As per earlier provisions of Sec 248 in a case where a person deducted tax u/s 195 on any income paid to a non-resident and tax is borne by deductor; deductor may file appeal to CIT (A) for a declaration that no tax was deductible on such income and obtain refund of tax so deducted. In other words, to obtain a refund of the tax deducted and paid by a person, where it was not deductible, a tax deductor had no recourse to approach the Assessing Officer. At the same time, the agreement or arrangement, under which the tax has been deducted and paid, is not brought on the record of the Assessing Officer or examined by him.

In view of the above, New Sec 239A was inserted for tax deducted and credited to the Central Government on or after 01.04.2022. As per said provision, an application for refund of such tax be made before the Assessing Officer.

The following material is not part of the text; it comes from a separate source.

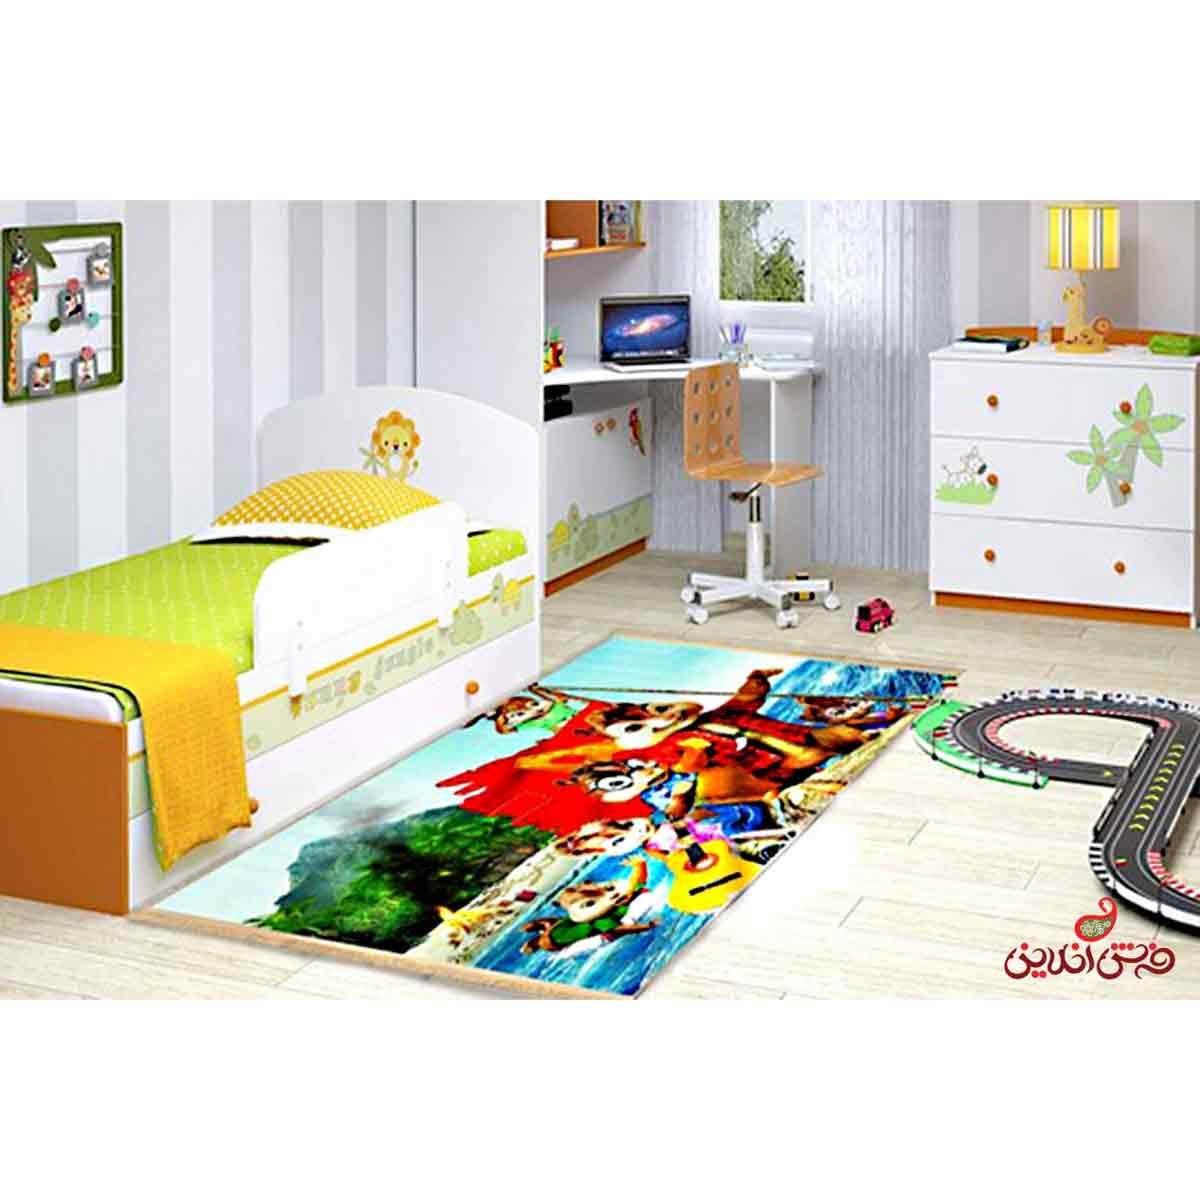 فرش ماشینی کودک کلاریس طرح آلوین و سنجاب ها کد 100201
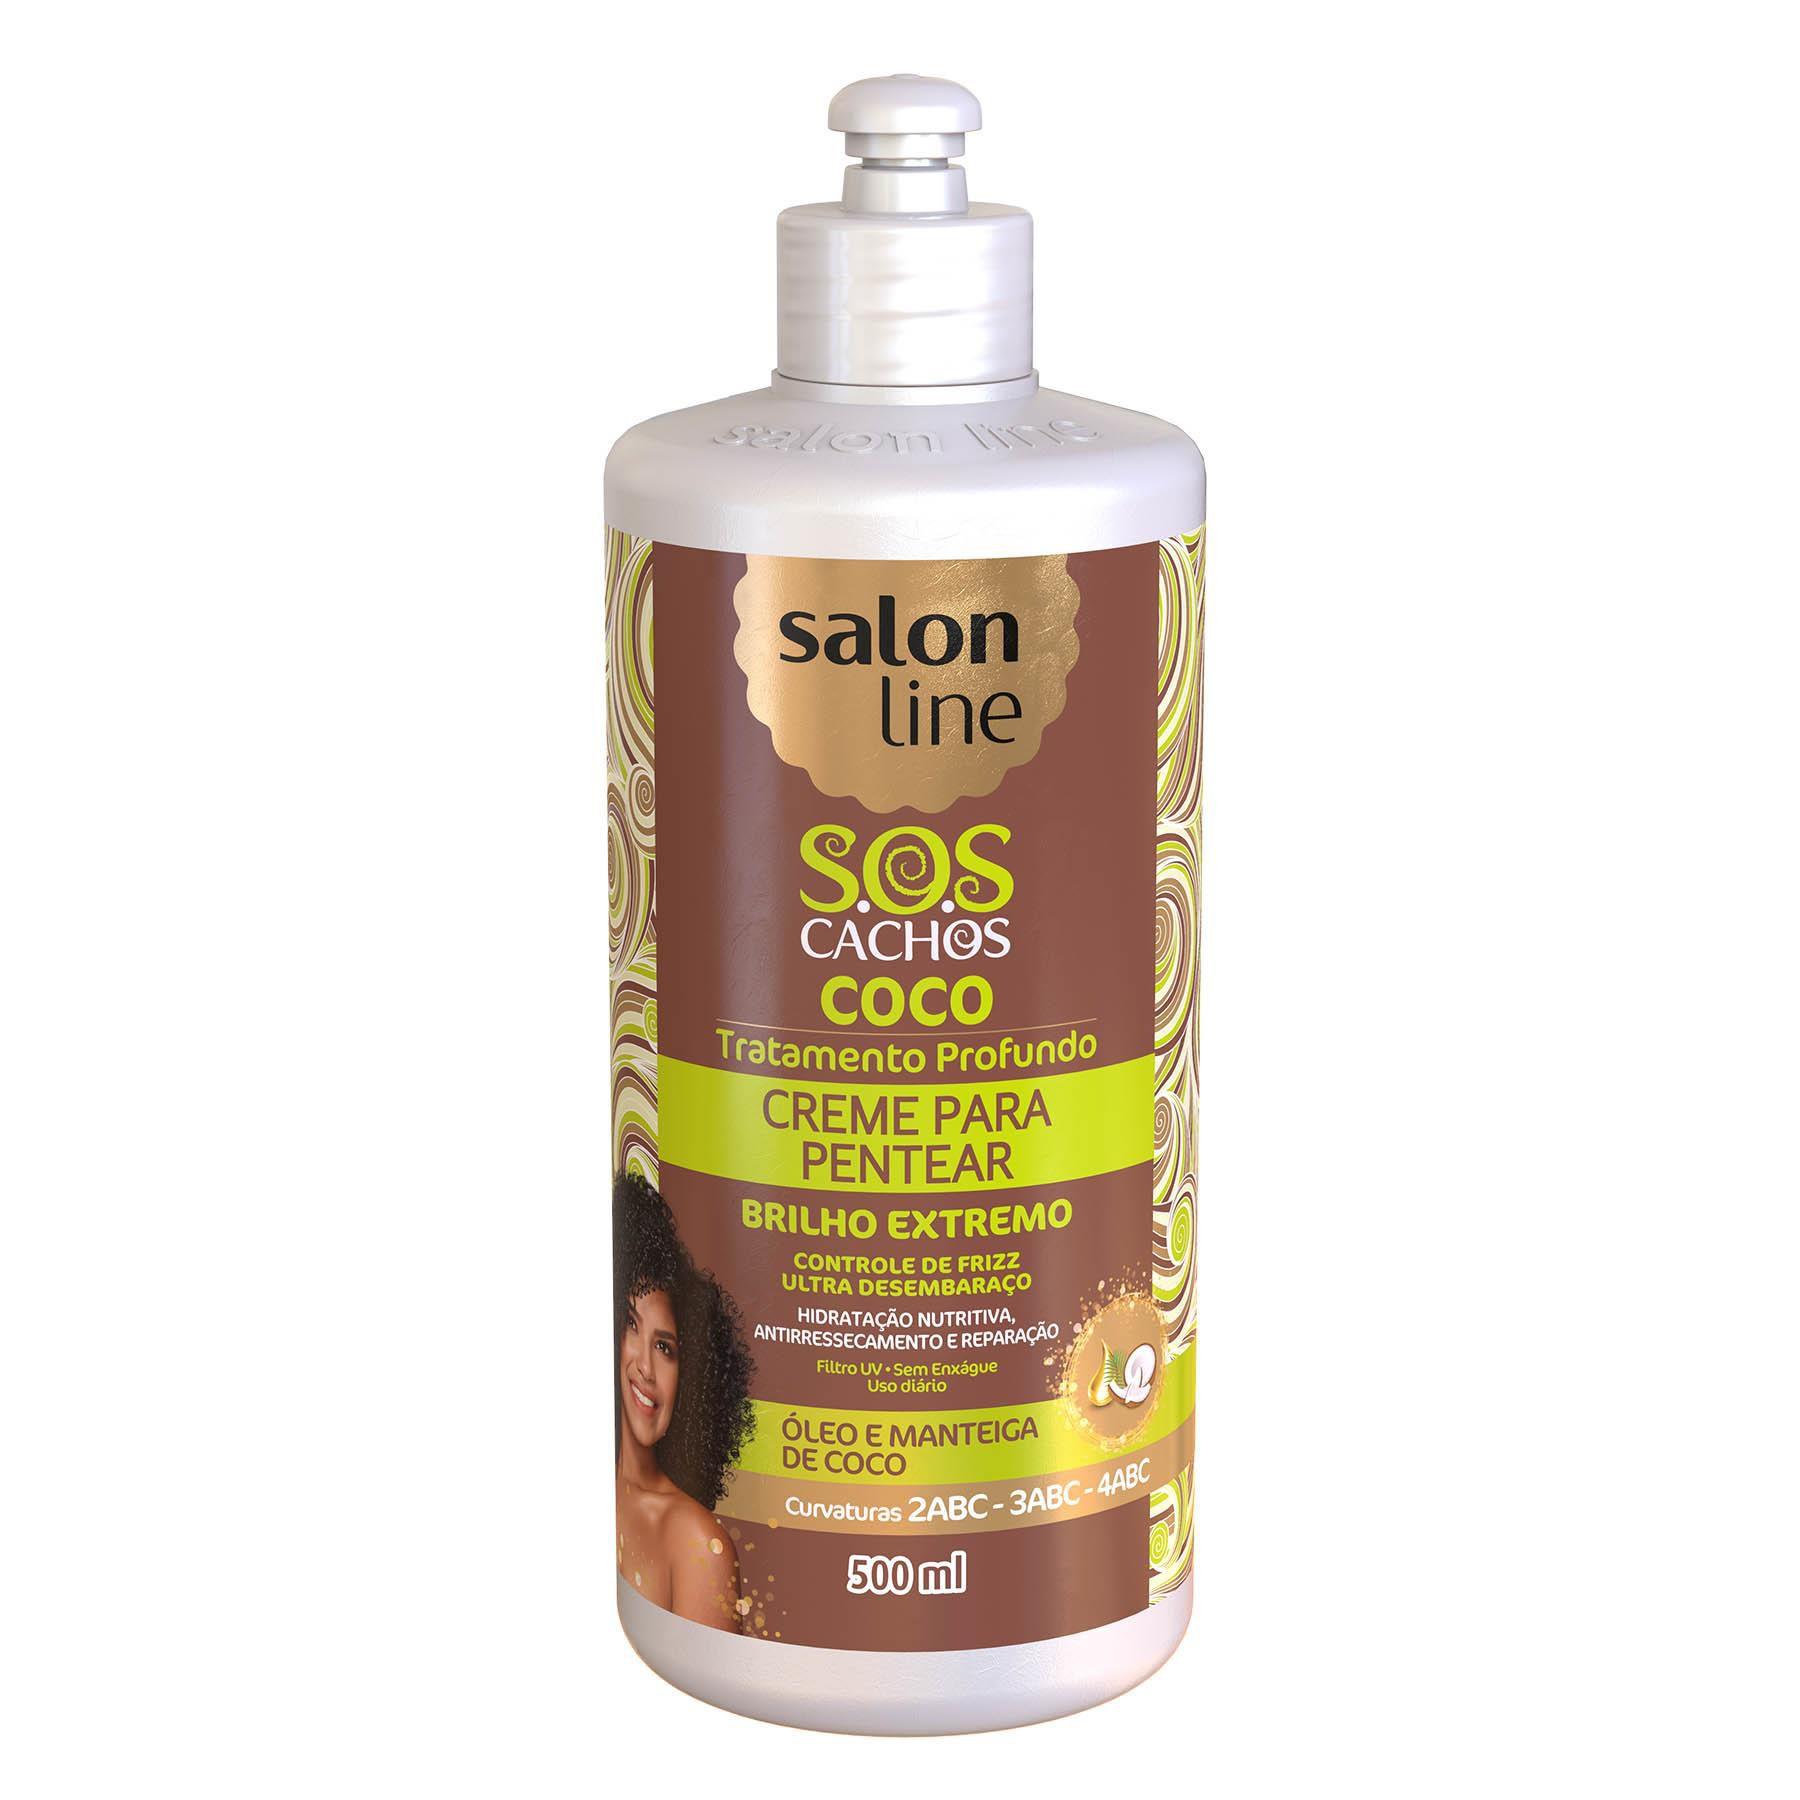 Salon Line Creme para Pentear S.O.S Cachos Coco Tratamento Profundo  500ml

Such a person can, if not satisfied with the order of the Assessing Officer, file an appeal before CIT(A).

Form No. 29D is notified for claiming refund and which shall be filed along with a copy of an agreement referred to in Sec 239A (By the claimant himself or through a duly authorised agent) within 30 days from date of payment of tax.

[Notification No. 98 of 2022

dated 17th August2022]

4. How to deal with Income tax return filing if you have missed your July 31, 2022 deadline.

For the Financial Year 2021-22 that ended on March 31, 2022, individual taxpayers, who are not required to do audit of books of accounts, were required to file their Income Tax Returns (ITR) by July 31, 2022.
If, due to any reason, the due date of July 31, 2022 is missed, then a belated ITR can be filed on or before December 31, 2022. However, every extension comes with its own sets of benefits and sacrifices to be made.
Due Date for filing Original return was July 31, 2022
Due Date for filing Belated/Revised return is December 31, 2022

Filing a Belated ITR
• If you have a tax refund due from the Income Tax Department, then filing a belated ITR allows you to claim such tax refund;
• Losses of the current year are allowed to be set-off from other incomes as per the provisions of income tax law;
• Investment based deductions can still be claimed such as LIC premium, medical insurance, PF, NPS, Tax Saver mutual funds, Tax Saver FDs, Repayment of housing
loans, etc.;

• Belated return filed can also be revised on account of any error or omission in the filed ITR on or before December 31, 2022.
Sacrifices involved while filing a Belated ITR

• Specific Losses of Current Year cannot be carried forward to future years like
▪ losses from short or long term capital loss,
▪ losses from business or profession (excluding depreciation),
▪ losses from activity of owning and maintaining race horses.

However, Loss from House Property can be carried forward
• Interest on default in filing belated return applies @1 per cent per month or part thereof that immediately starts from the date following the due date of filing of ITR and ends on the date of filing of ITR (234A)

• Mandatory late return filing fees –

Particulars Late fee amount
Taxable income is below Rs. 500000 Rs 1,000
Taxable income is equal to or more than Rs. 5,00,000 Rs 5,000
  • Interest on Income Tax Refund, if applicable, will be calculated from the date of filing ITR and not from April 1, 2022.

 

 

5. Kulwant Singh Vs Union Of India And Others (Punjab and Haryana HC) CWP-18032-2022 (O&M) dated 23rd August,2022

Stays Notice under section 148 & order under section 148A(d)
• The proviso to Section 149 specifically provides that no notice under Section 148 shall be issued if such notice could not have been issued at that time on account of being beyond the time limit specified under the provisions of Section 149(1)(b) as it stood immediately before the commencement of Finance Act 2021 as such
• In terms of proviso to Section 149 as amended w.e.f. 01.04.2021, since more than 6 years had elapsed from the end of assessment year 2013-2014 on 31.03.2020, the re-assessment notice for assessment year 2013-2014 could not be issued.

• The Court after taking note of various contentions of the assesse, issued notice of motion and ordered-
“Further proceedings in the matter shall be kept in abeyance till further orders”.